▶ _ASSIGNED TASK_
For the data that follows, print the line with "Typo - 2023", the line with "PEARL & EMERALD FLOATING RING", and all lines between them, exactly as they stand. Omit pictures and add nothing.

───── RECORD EXCERPTS

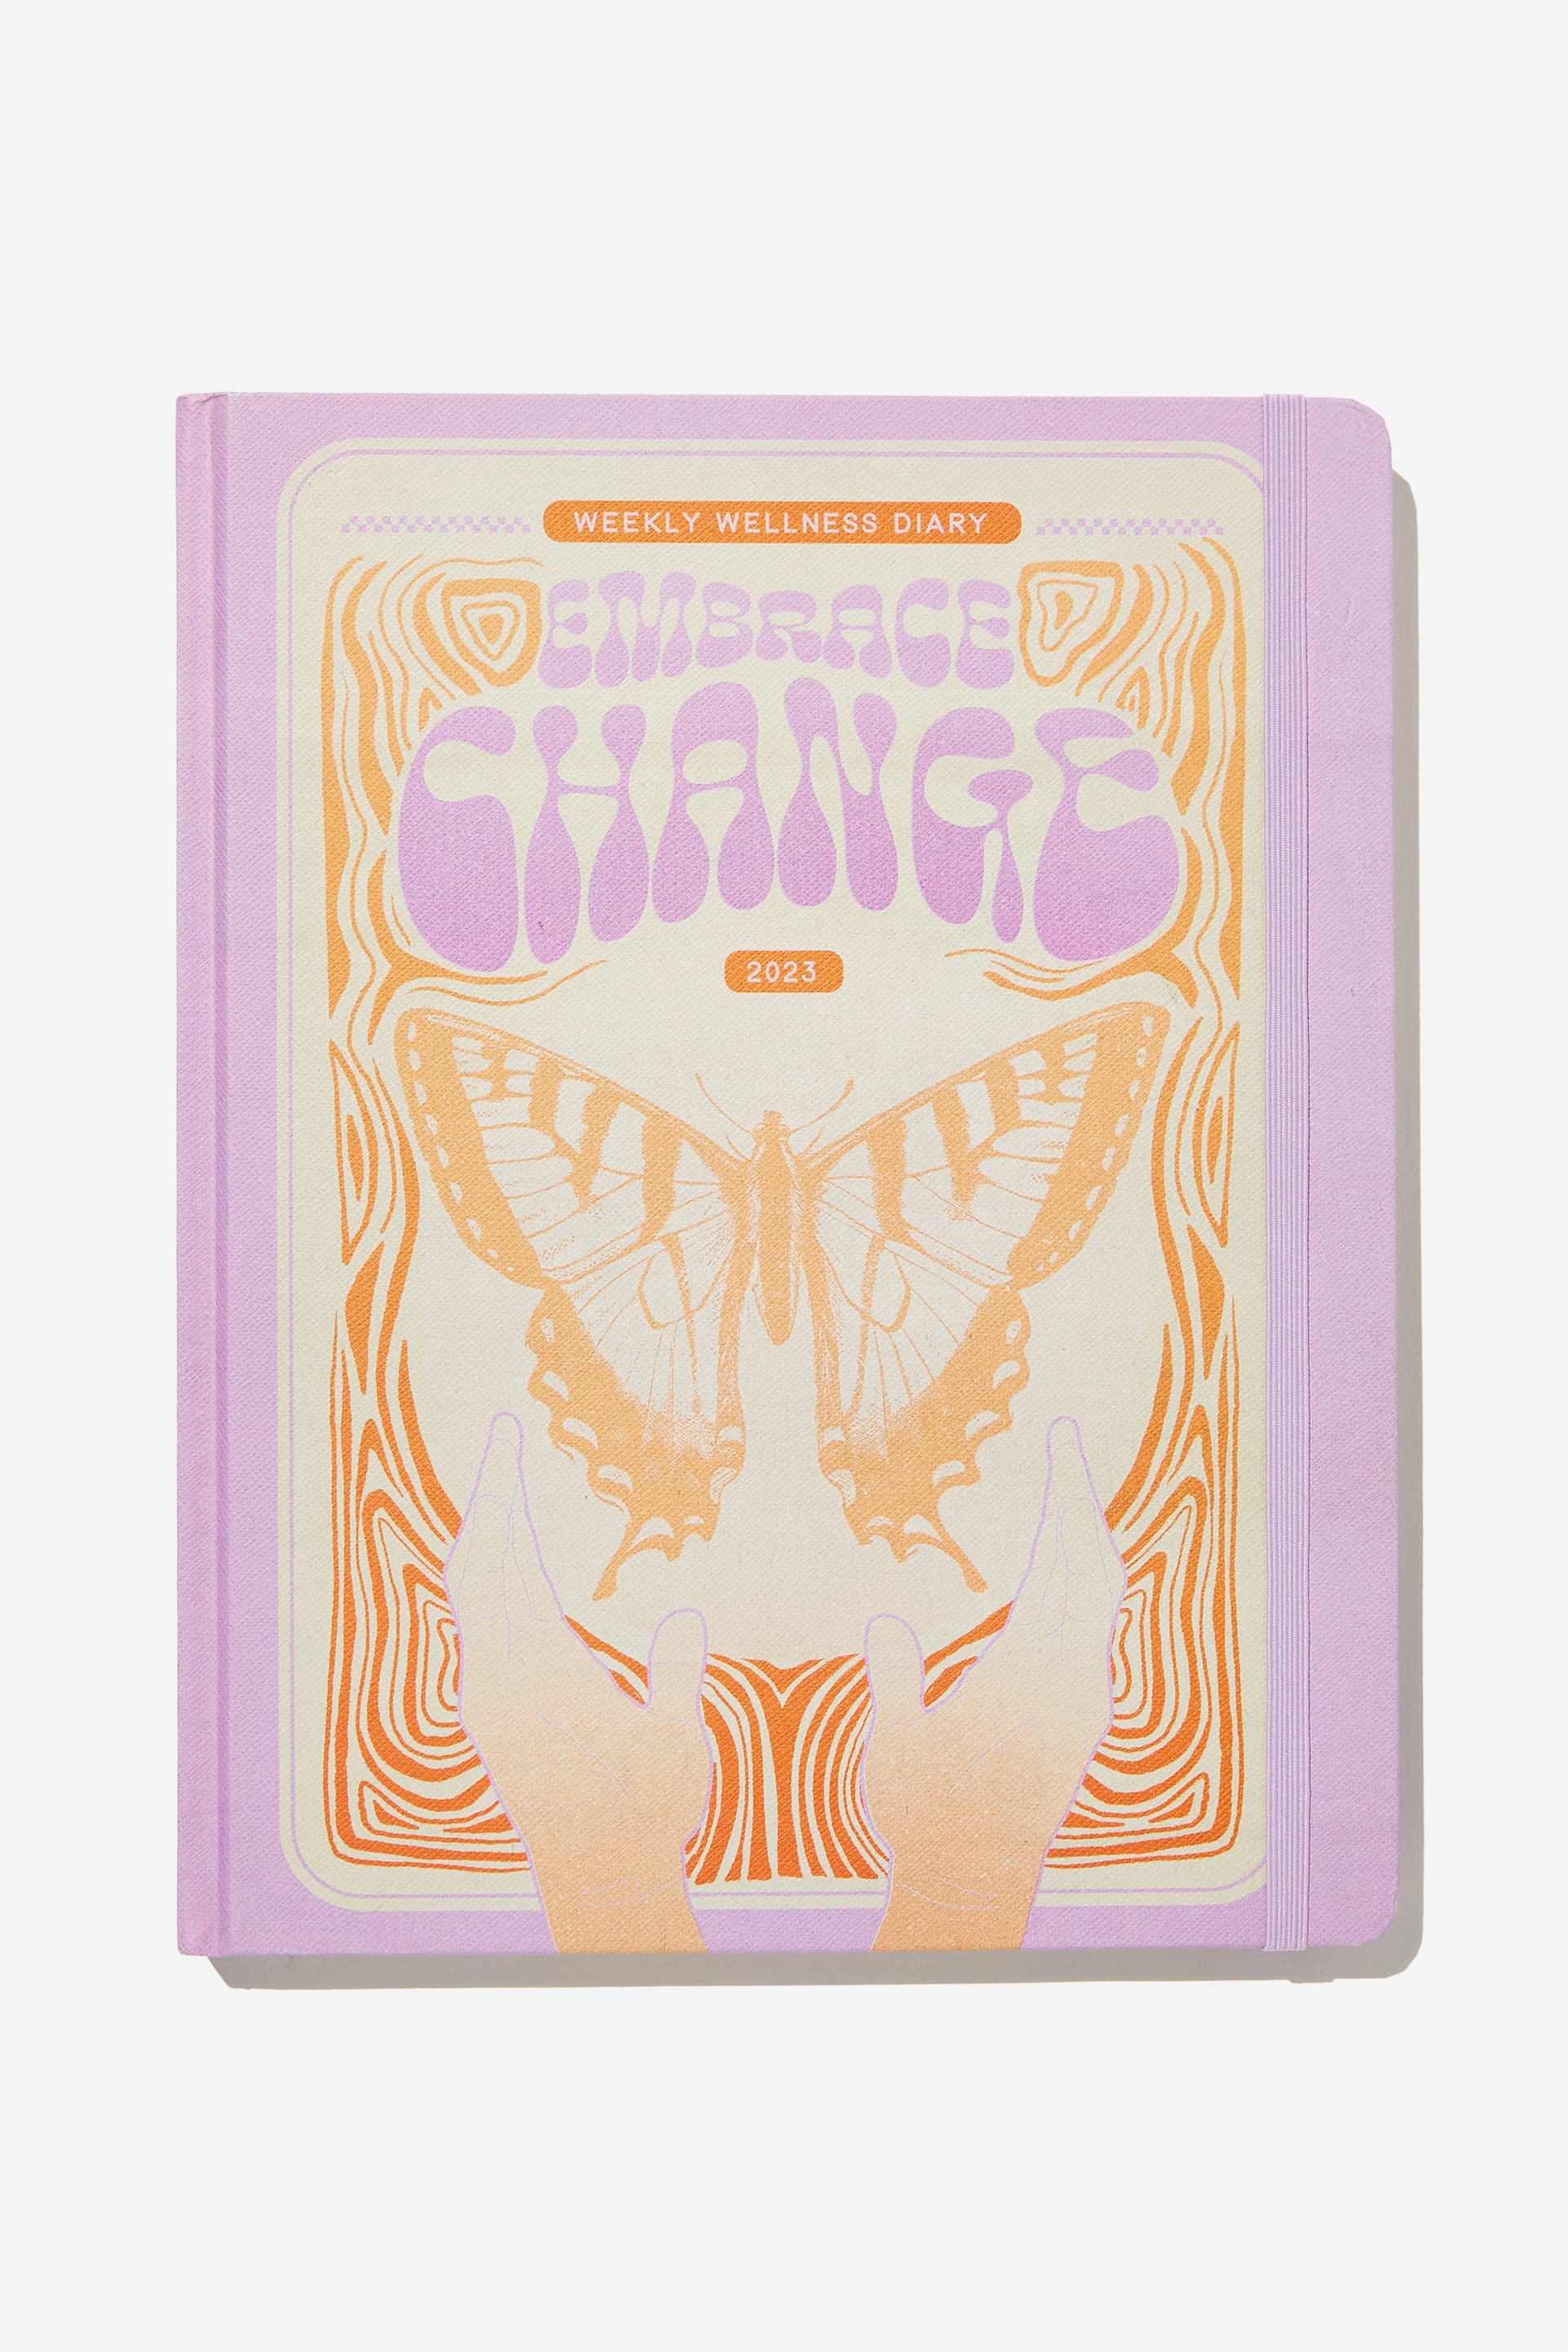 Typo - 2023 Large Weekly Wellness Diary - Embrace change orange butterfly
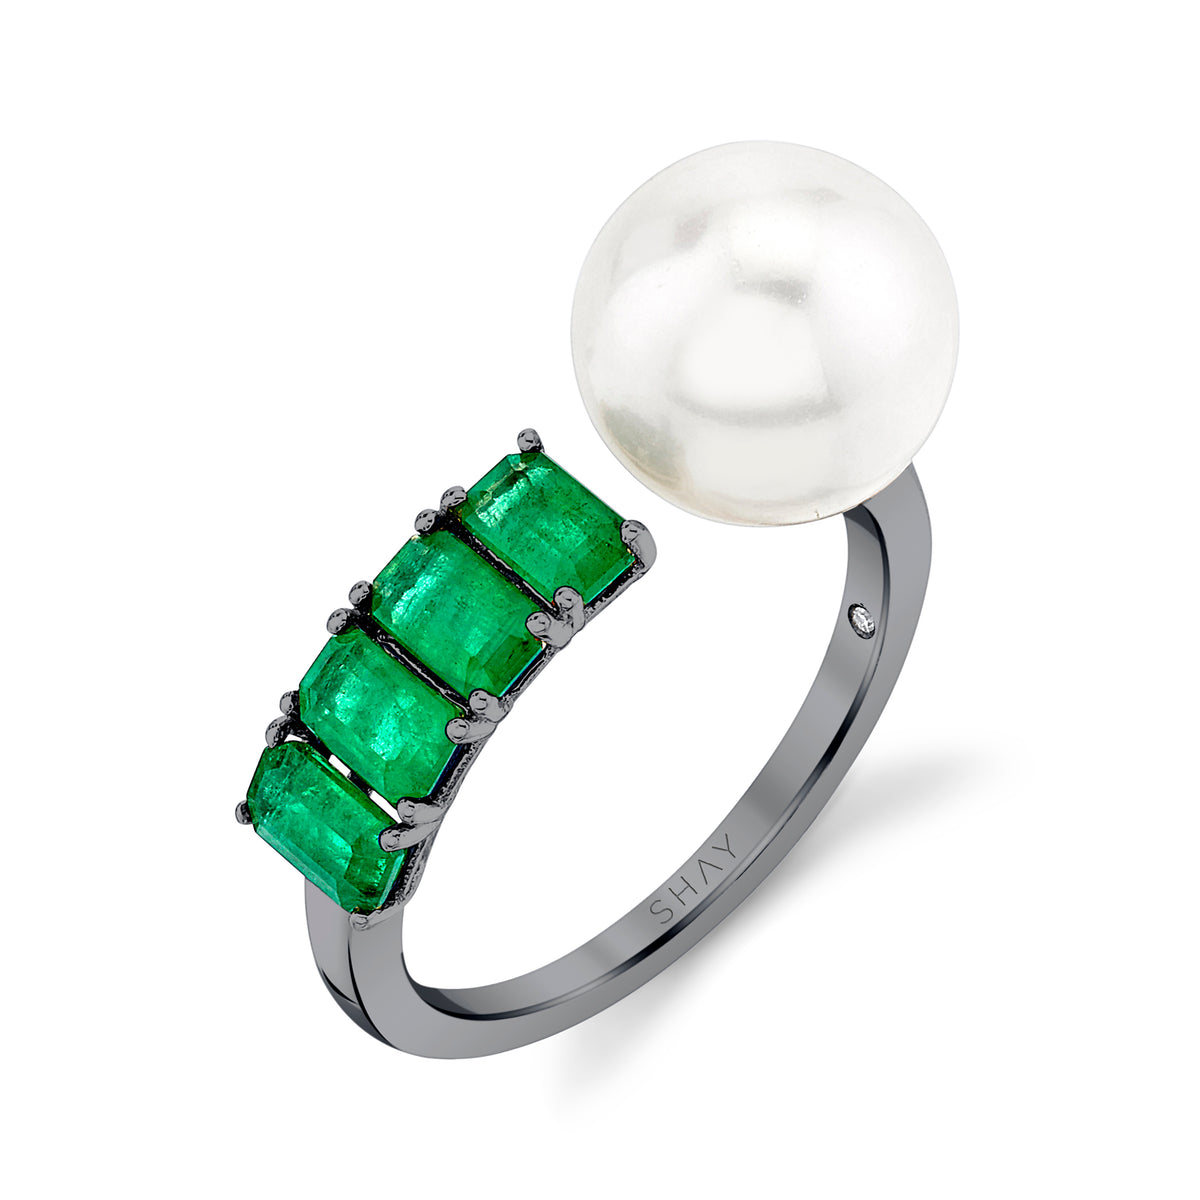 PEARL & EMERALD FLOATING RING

──────────
───── RECORD EXCERPTS

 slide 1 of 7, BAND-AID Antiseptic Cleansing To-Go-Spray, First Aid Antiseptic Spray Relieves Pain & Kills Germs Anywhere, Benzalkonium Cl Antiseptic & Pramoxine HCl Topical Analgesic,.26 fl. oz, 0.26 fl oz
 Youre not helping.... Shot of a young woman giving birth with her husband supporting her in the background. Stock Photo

──────────

▶ _EXERCISE SOLUTION_
 Typo - 2023 Large Weekly Wellness Diary - Embrace change orange butterfly
 PEARL & EMERALD FLOATING RING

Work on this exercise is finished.